[DATA BELOW — start]

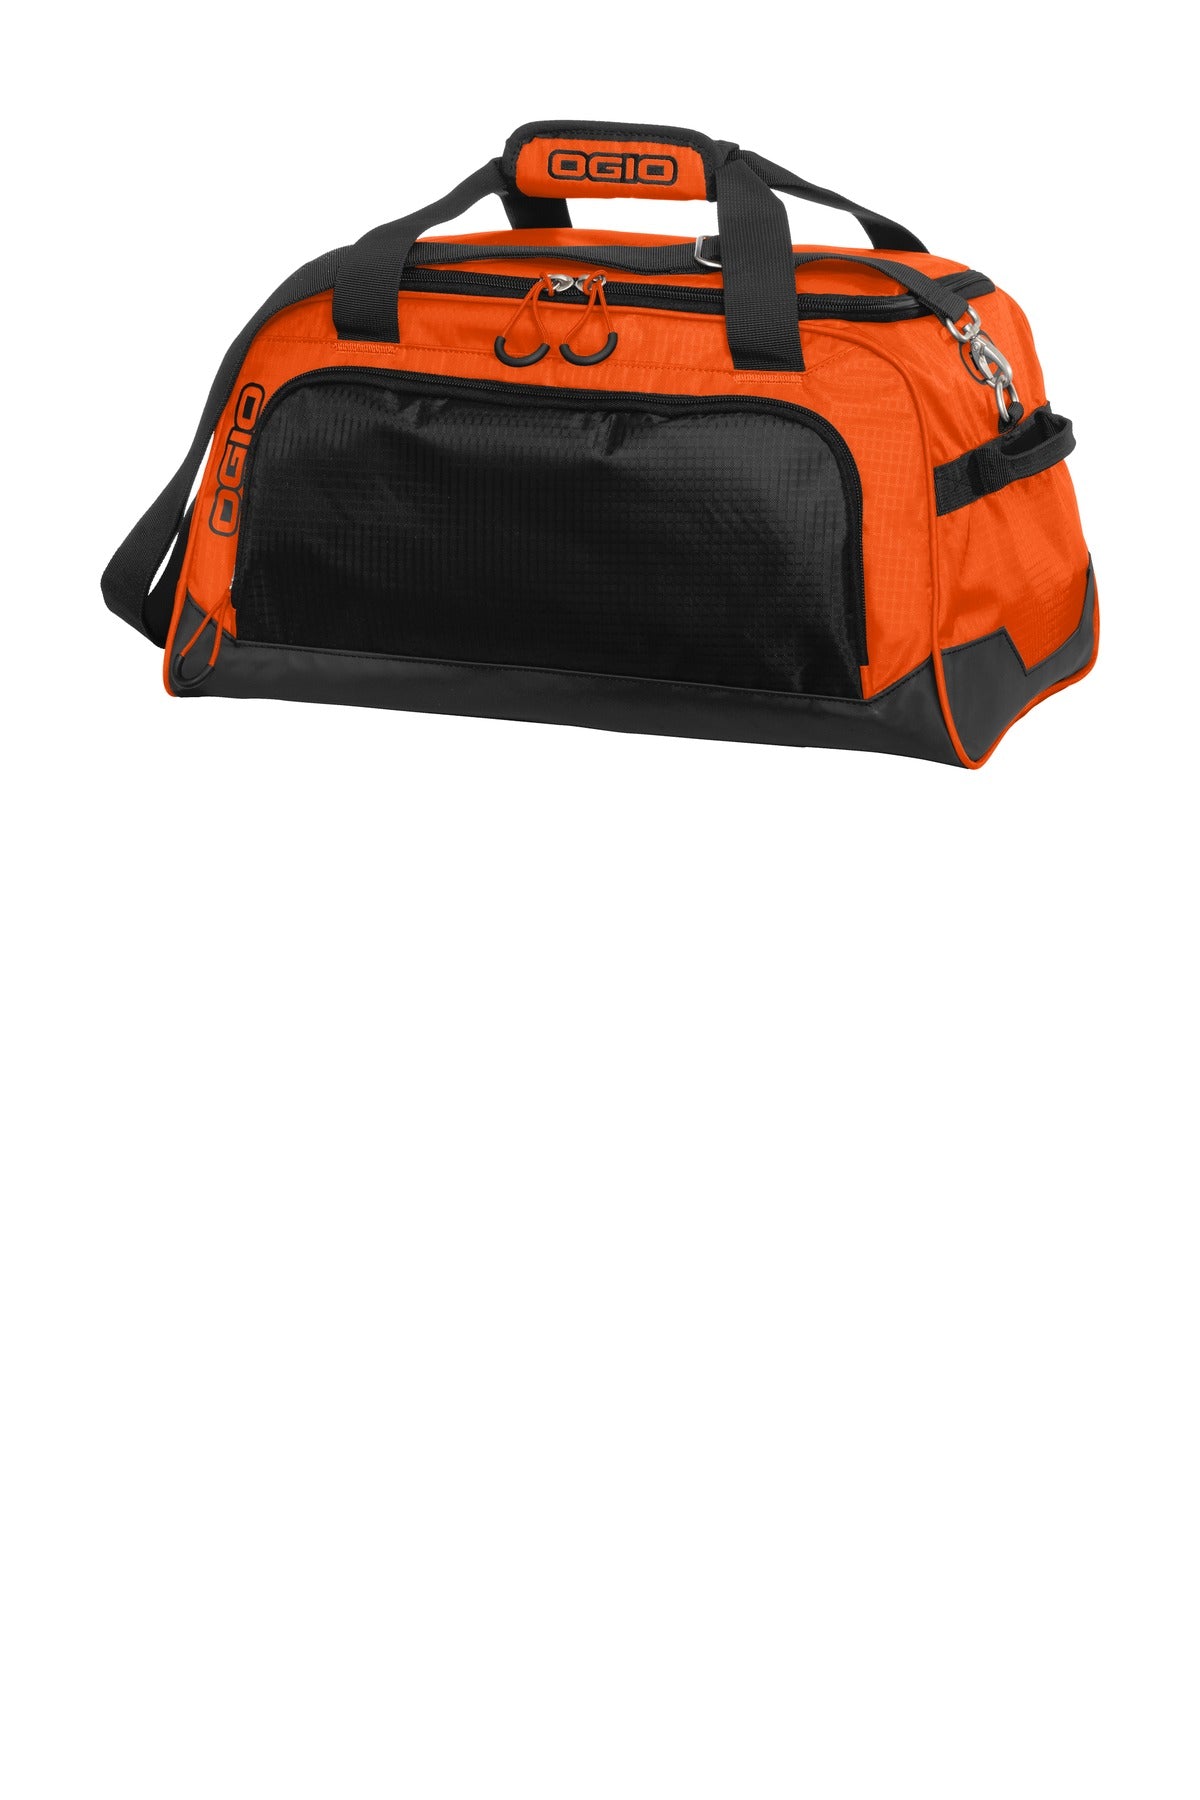 Bags Hot Orange/ Black OSFA OGIO
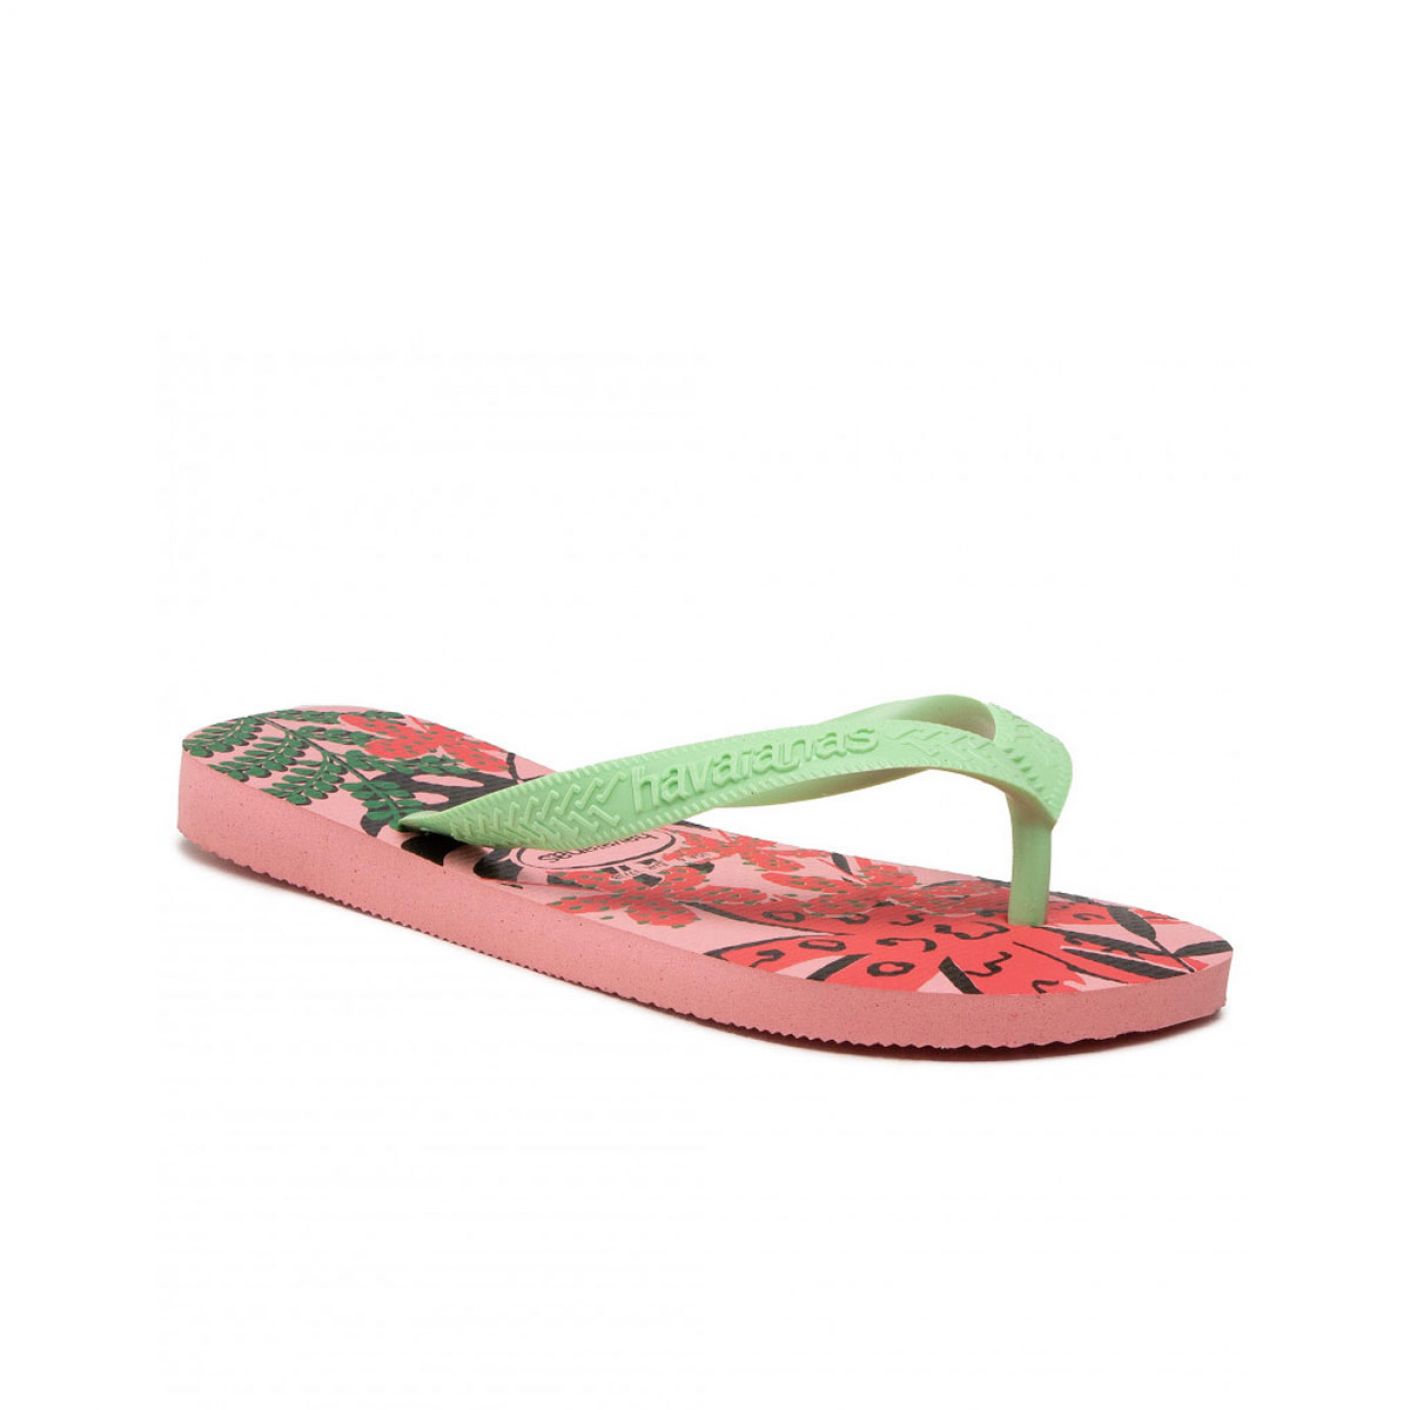 Havaianas Flip Flops Top Summer Joy Macaron Pink
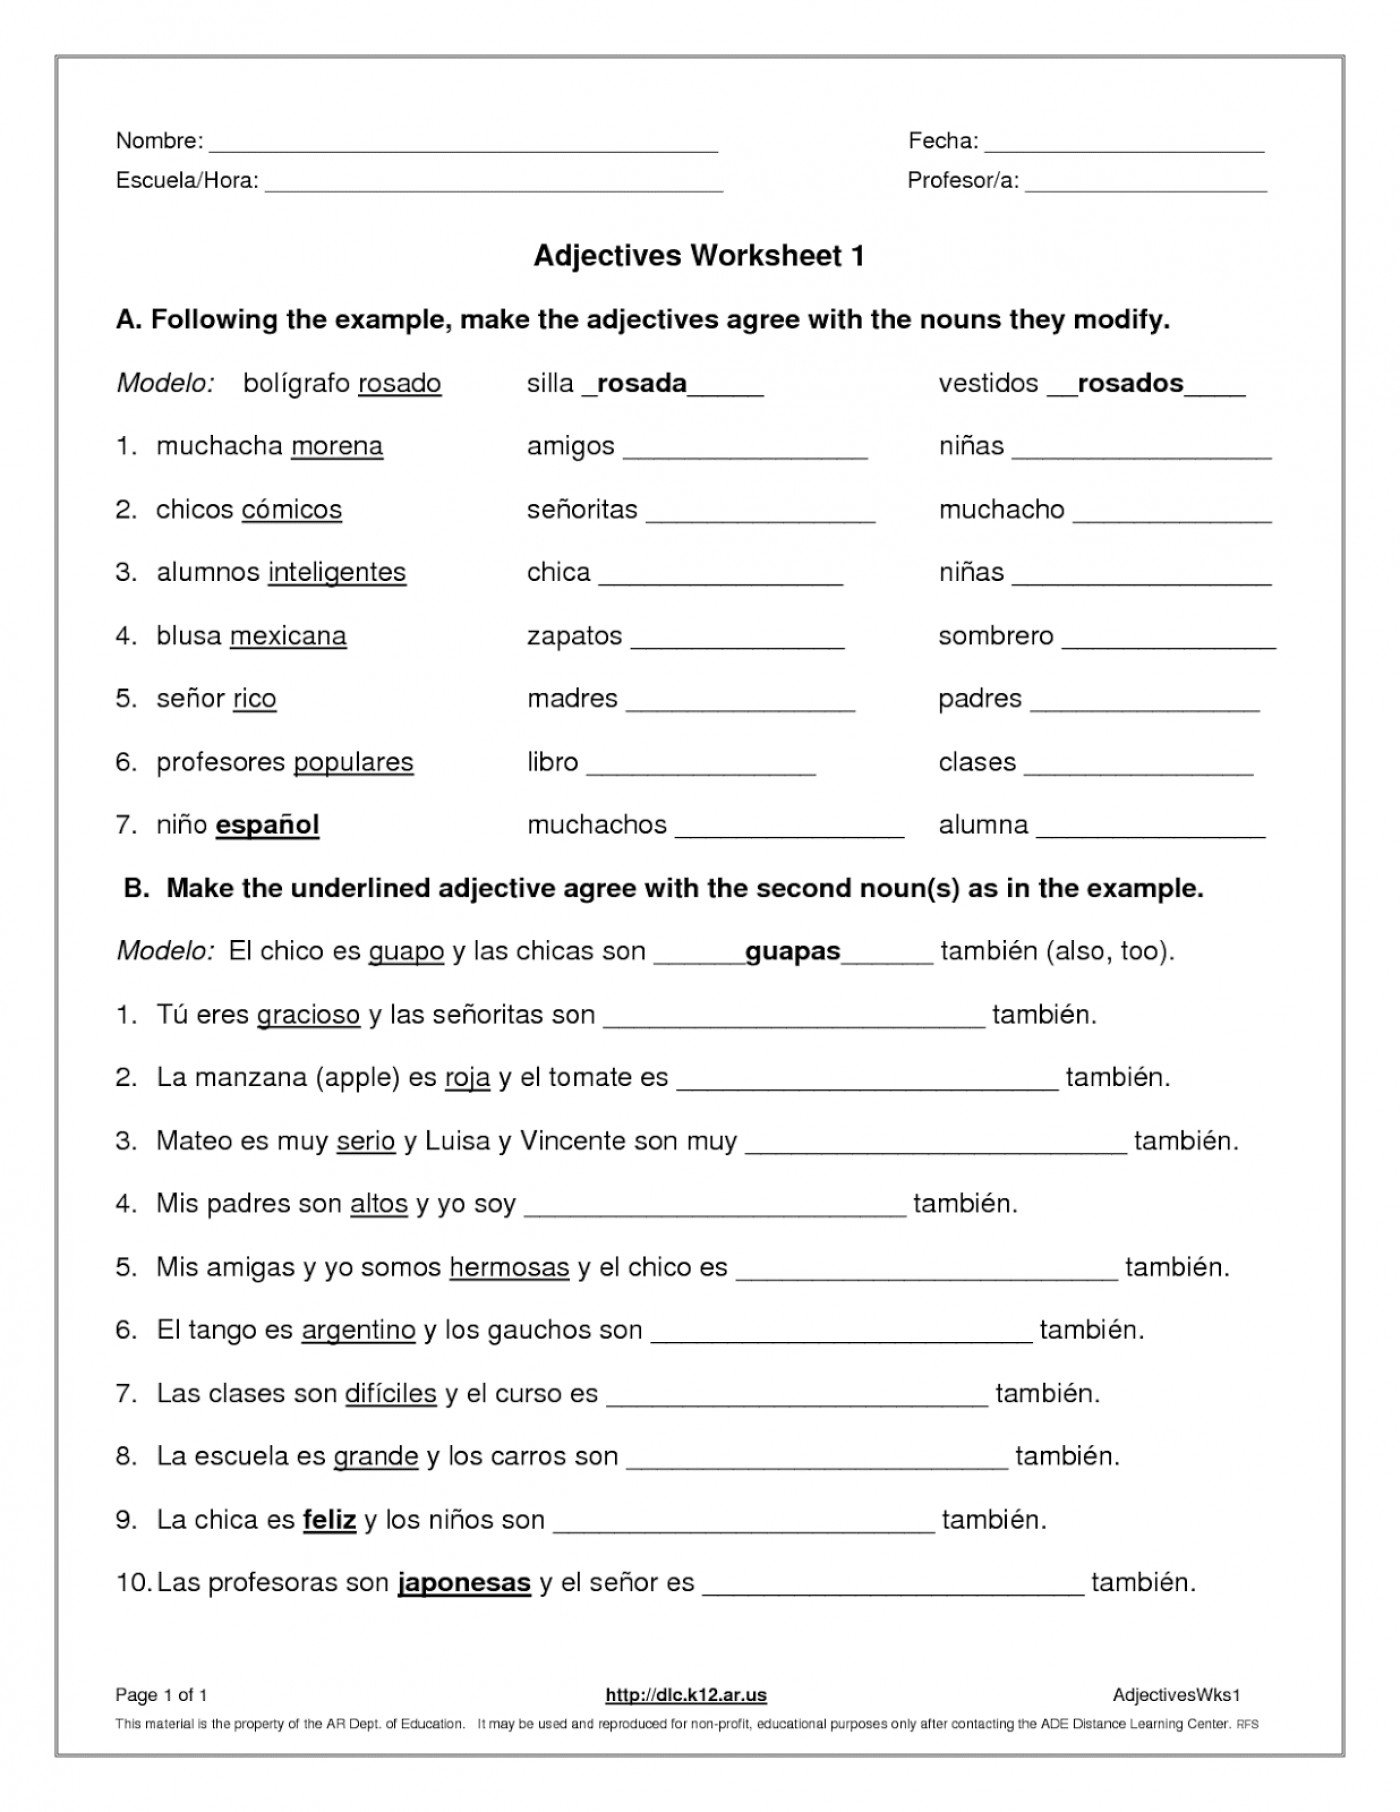 Agreement Of Adjectives Agreement Of Adjectives Spanish Worksheet Inside Agreement Of Adjectives Spanish Worksheet Answers Hayes School
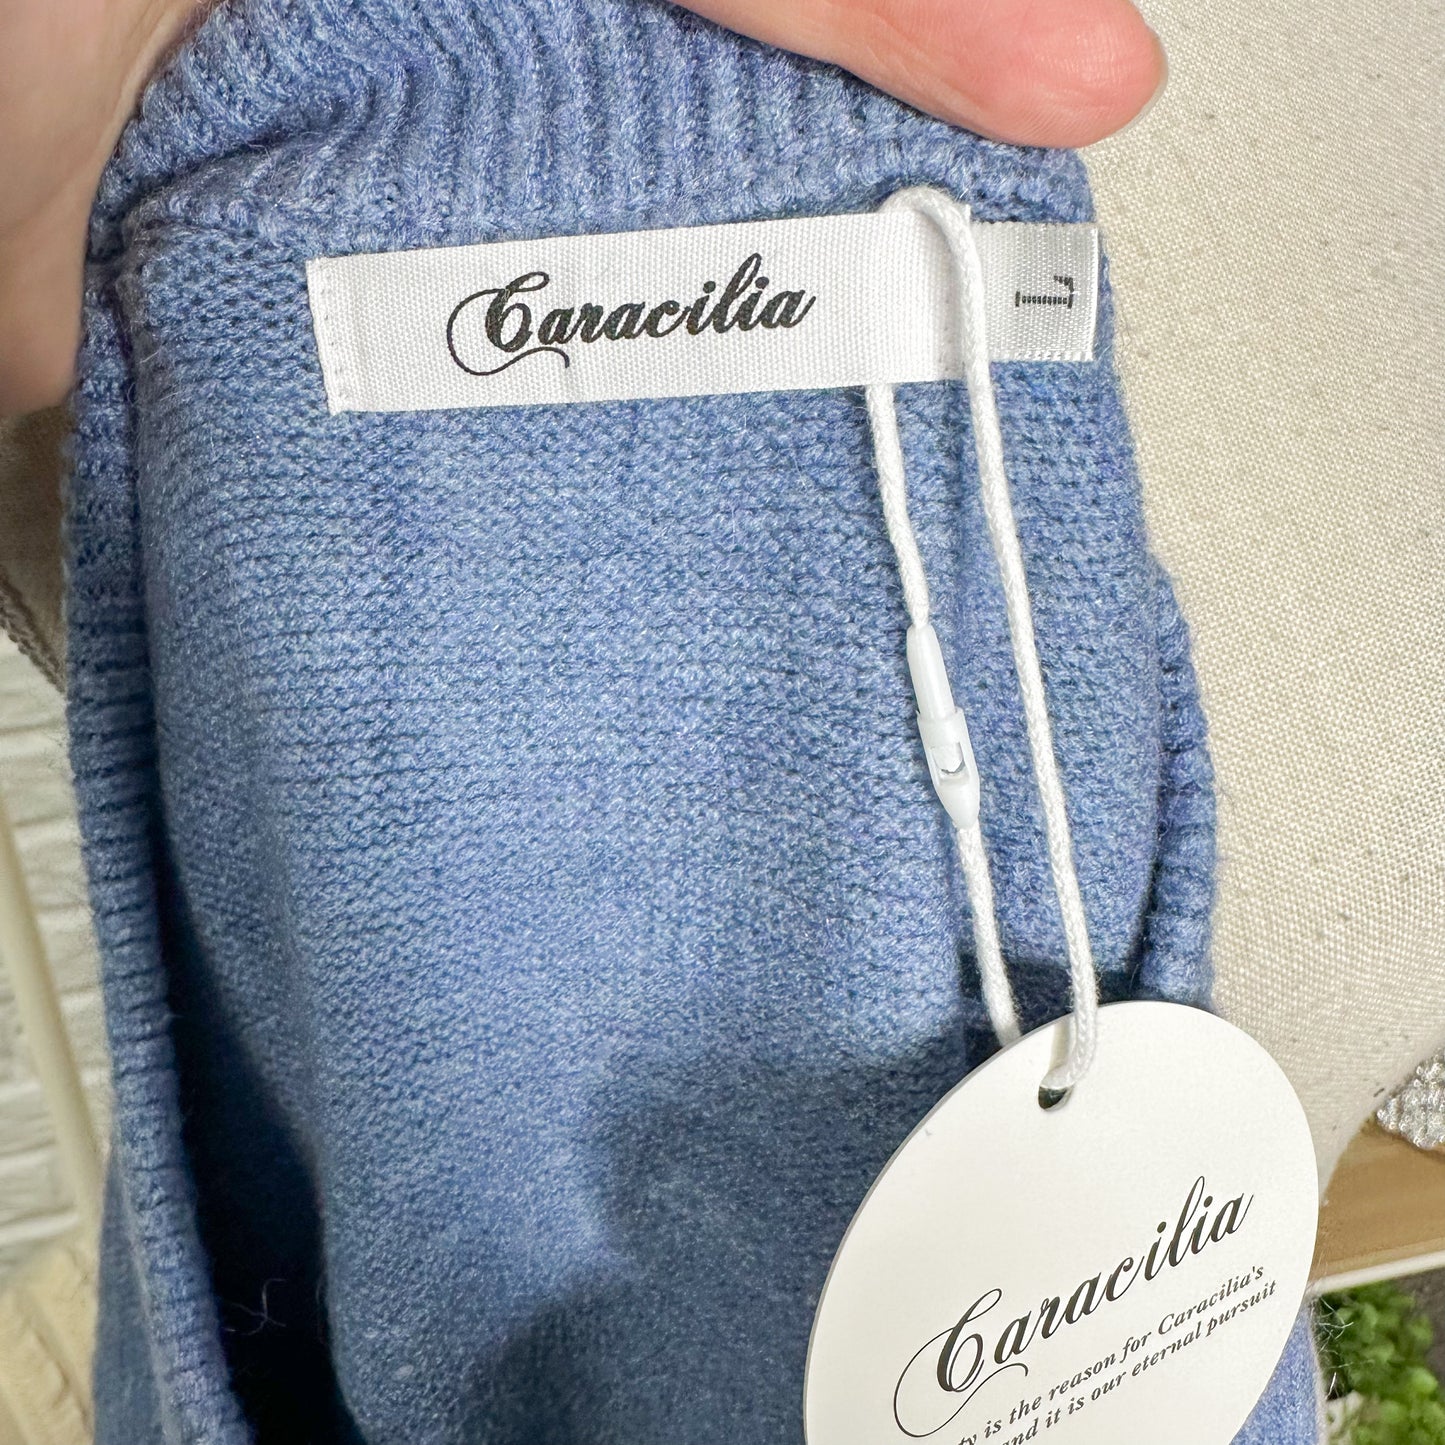 Caracilia New Blue Oversized Sweater Size Large

[DATA BELOW — finish]

Your copy must begin at the line containing "Havaianas Flip Flops" and end at the last line of the material above. Reproduce each line exactly, but not the pictures.

 Havaianas Flip Flops Top Summer Joy Macaron Pink
 Agreement Of Adjectives Agreement Of Adjectives Spanish Worksheet Inside Agreement Of Adjectives Spanish Worksheet Answers Hayes School
 Caracilia New Blue Oversized Sweater Size Large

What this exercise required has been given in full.